Open oskooi opened 1 year ago
Here is an improved test which compares the adjoint gradients from the multi- vs. single-frequency simulations for five equally spaced frequencies spanning the full range of the source bandwidth. The gradient comparison uses the assertClose
method which is based on the $L_\infty$ norm.
In order for this test to pass (using Meep compiled with double-precision floating point and a grid resolution of 50), the relative tolerance parameter of assertClose
(tol_grad
in the script) must be at least 1.1. A relative tolerance greater than one is an indication of unacceptably large errors in the broadband adjoint gradients.

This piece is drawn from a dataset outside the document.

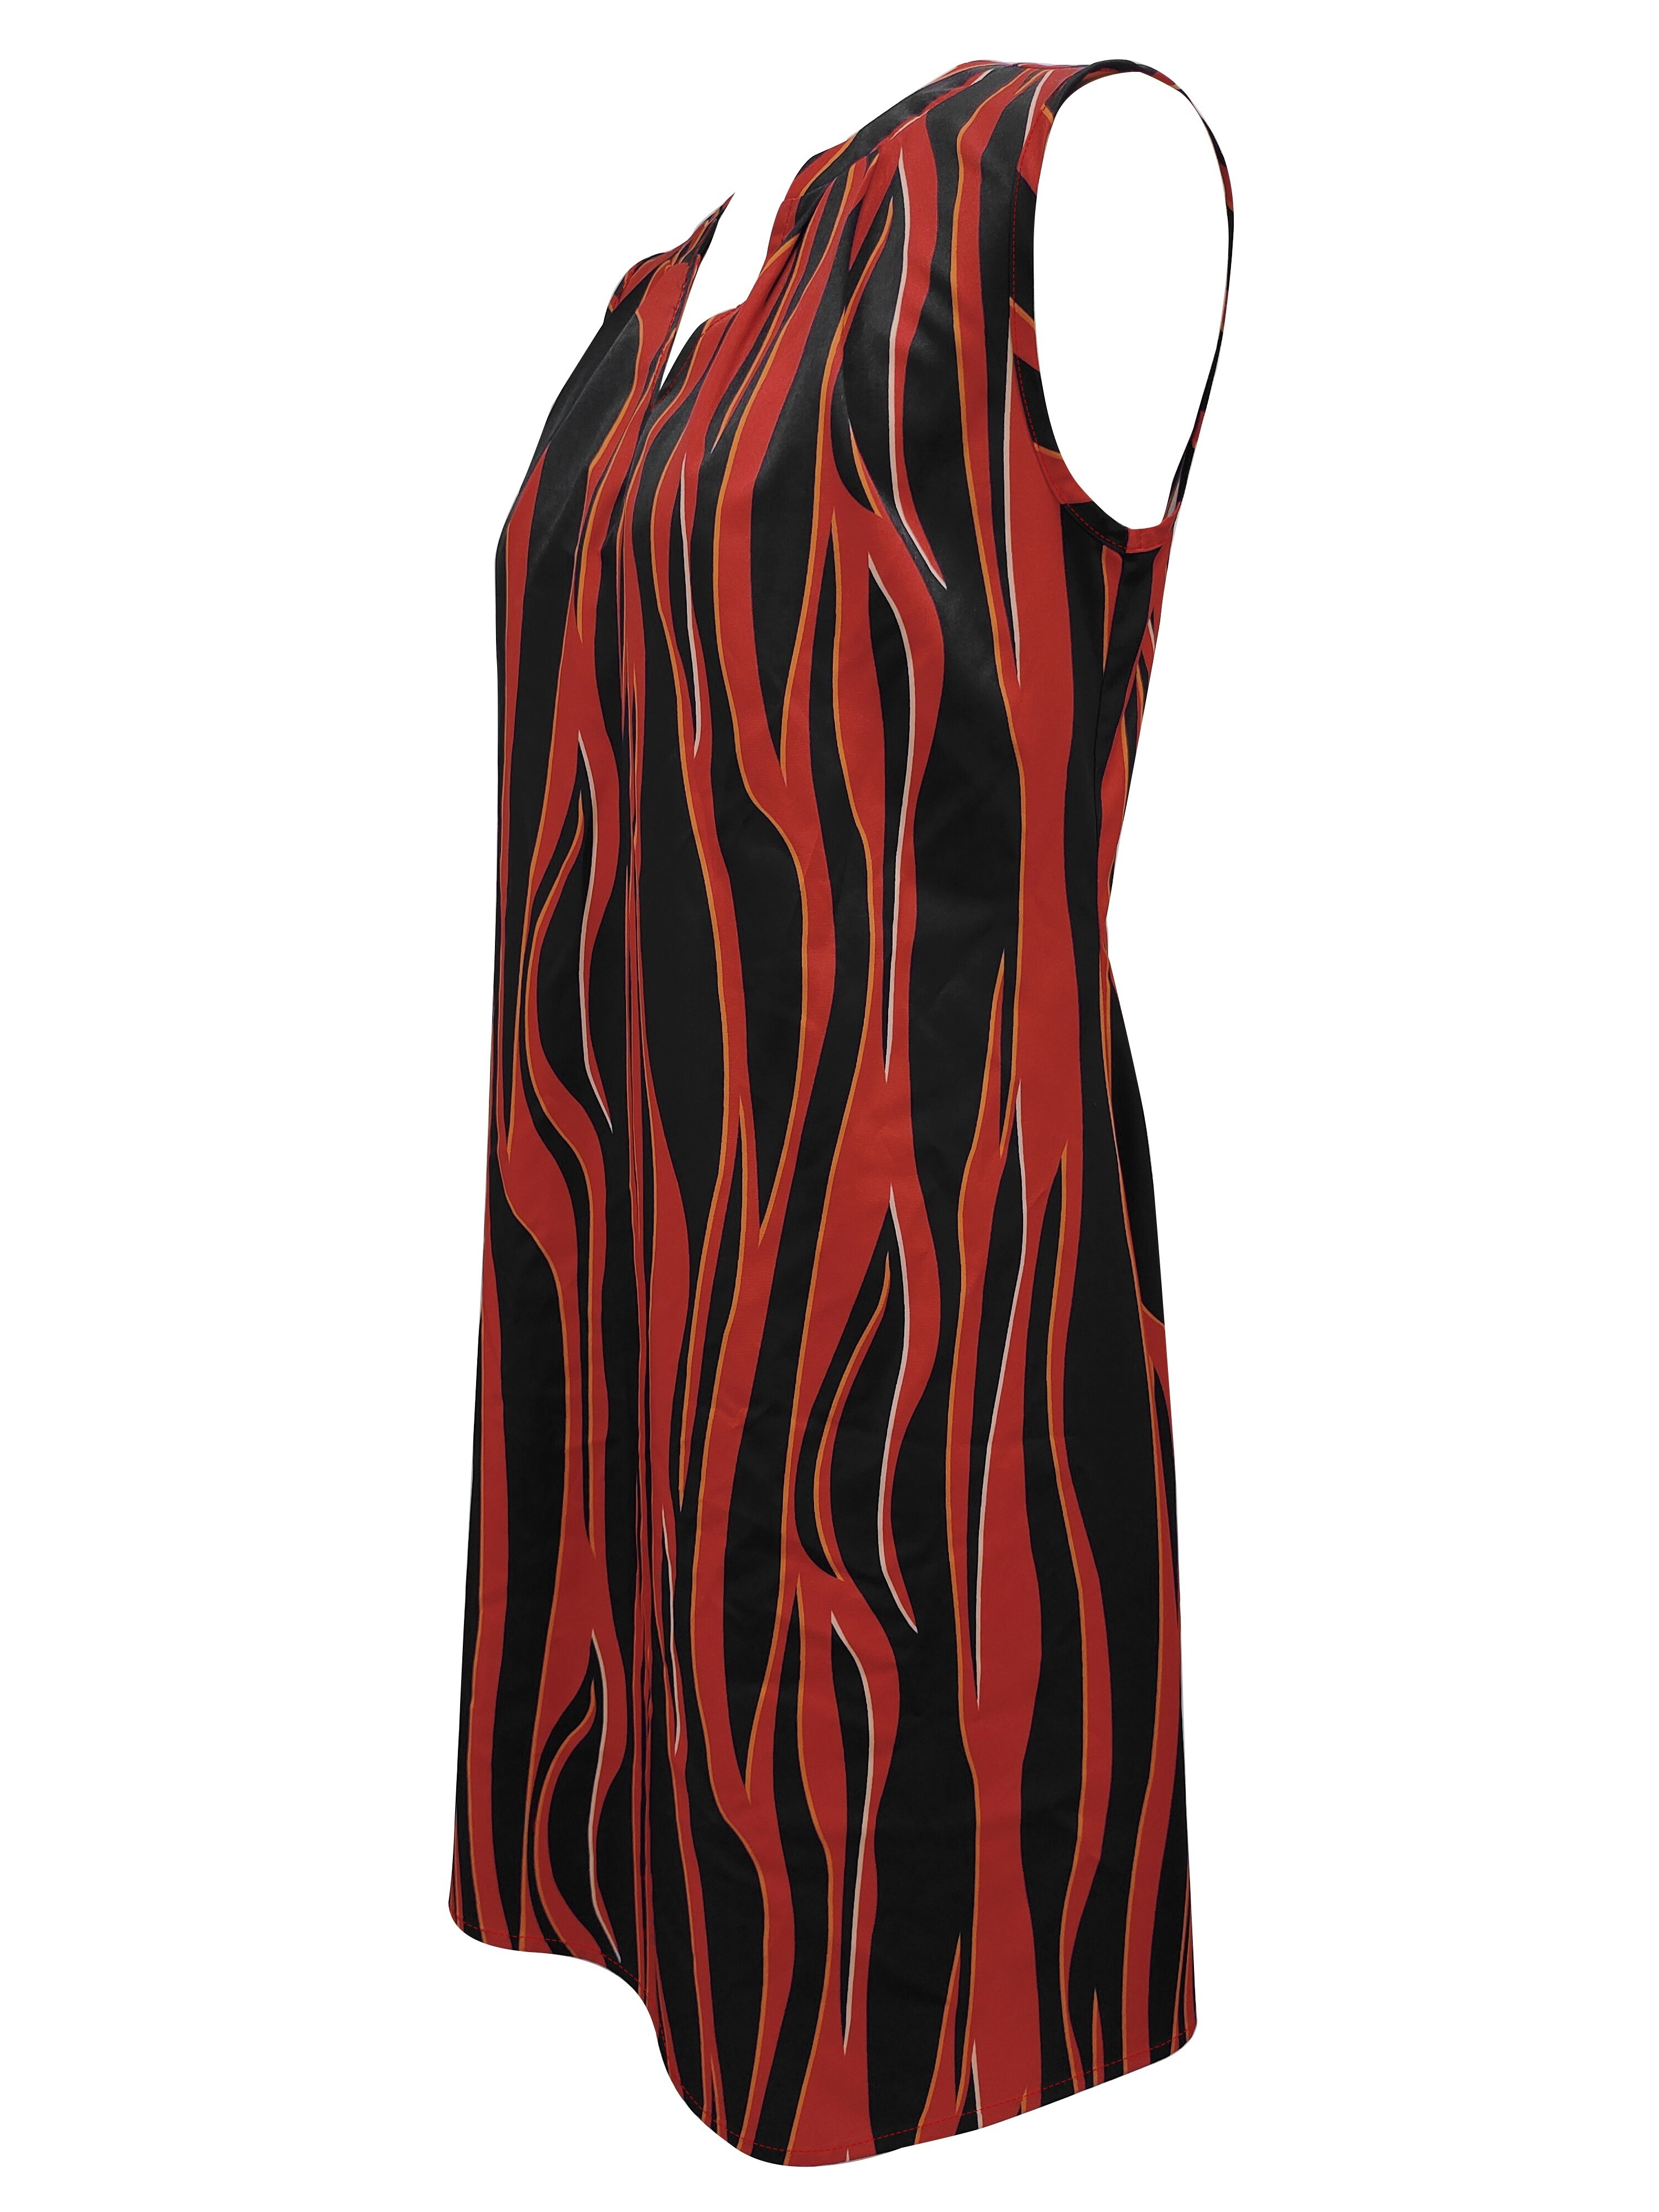 abstract ripple print dress casual v neck sleeveless dress womens clothing details 43

def test_broadband_gradient(self):
print("*** TESTING BROADBAND GRADIENT ***")
nfrq = 5
multifreq = np.linspace(
self.fcen - 0.5*self.df,
self.fcen + 0.5*self.df,
nfrq,
)
multifreq_val, multifreq_grad = self.adjoint_solver_two_objfunc(
self.p,
multifreq,
)
tol_objfunc = 0.01 # relative tolerance for objective function comparison
tol_grad = 1.1 # relative tolerance for adjoint gradient comparison
for n in range(nfrq):
frq = multifreq[n]
singlefreq_val, singlefreq_grad = self.adjoint_solver_two_objfunc(
self.p,
[frq],
)
for m in [0, 1]:
s = n if m == 0 else n+nfrq
self.assertClose(singlefreq_val[m], multifreq_val[s], tol_objfunc)
self.assertClose(singlefreq_grad[:, m], multifreq_grad[:, s], tol_grad)

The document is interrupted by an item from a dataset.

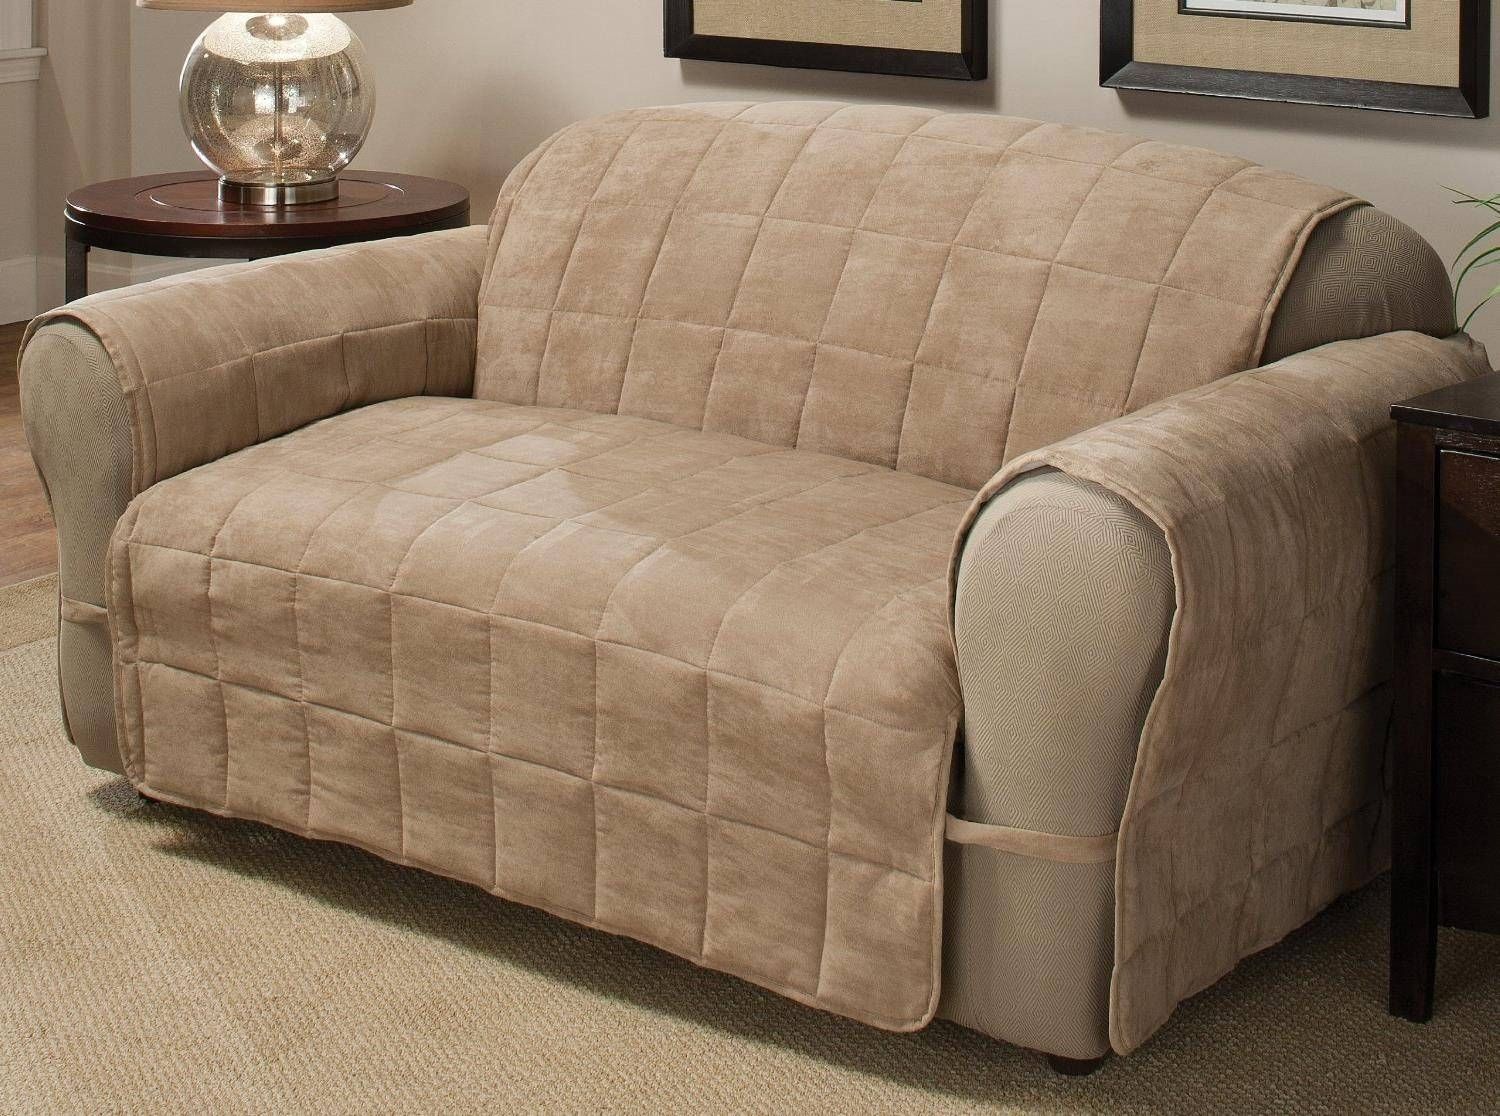 sofa cover for leather sofa

print(f"PASSED: frequency={frq}, m={m}.")
Importantly, if the frequency range is reduced to 40% of the source bandwidth, the test passes with a smaller relative tolerance of tol_grad = 0.01
. This is an indication that adjoint gradients computed at frequencies near the edge of the source bandwidth are the least accurate.
multifreq = np.linspace(
self.fcen - 0.2*self.df,
self.fcen + 0.2*self.df,
nfrq,
)
To summarize, the main finding here is that in the current setup of the adjoint solver, accurate adjoint gradients over a broad bandwidth can only be obtained if the monitor bandwidth is significantly smaller than the source bandwidth.

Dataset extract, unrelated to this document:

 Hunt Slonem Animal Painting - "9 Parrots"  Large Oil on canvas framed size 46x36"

Here is a test for the bandwidth of the eigenmode source for a single-frequency calculation of the EigenmodeCoefficient
objective function. The test verifies that the adjoint gradient computed at the center frequency of a pulsed source is the same regardless of the source bandwidth. Unfortunately, the adjoint gradient does seem to depend on the source bandwidth because a non-negligible relative tolerance (tol_grad = 0.05
) is necessary to ensure the assertClose
comparison passes for all the different source bandwidths tested.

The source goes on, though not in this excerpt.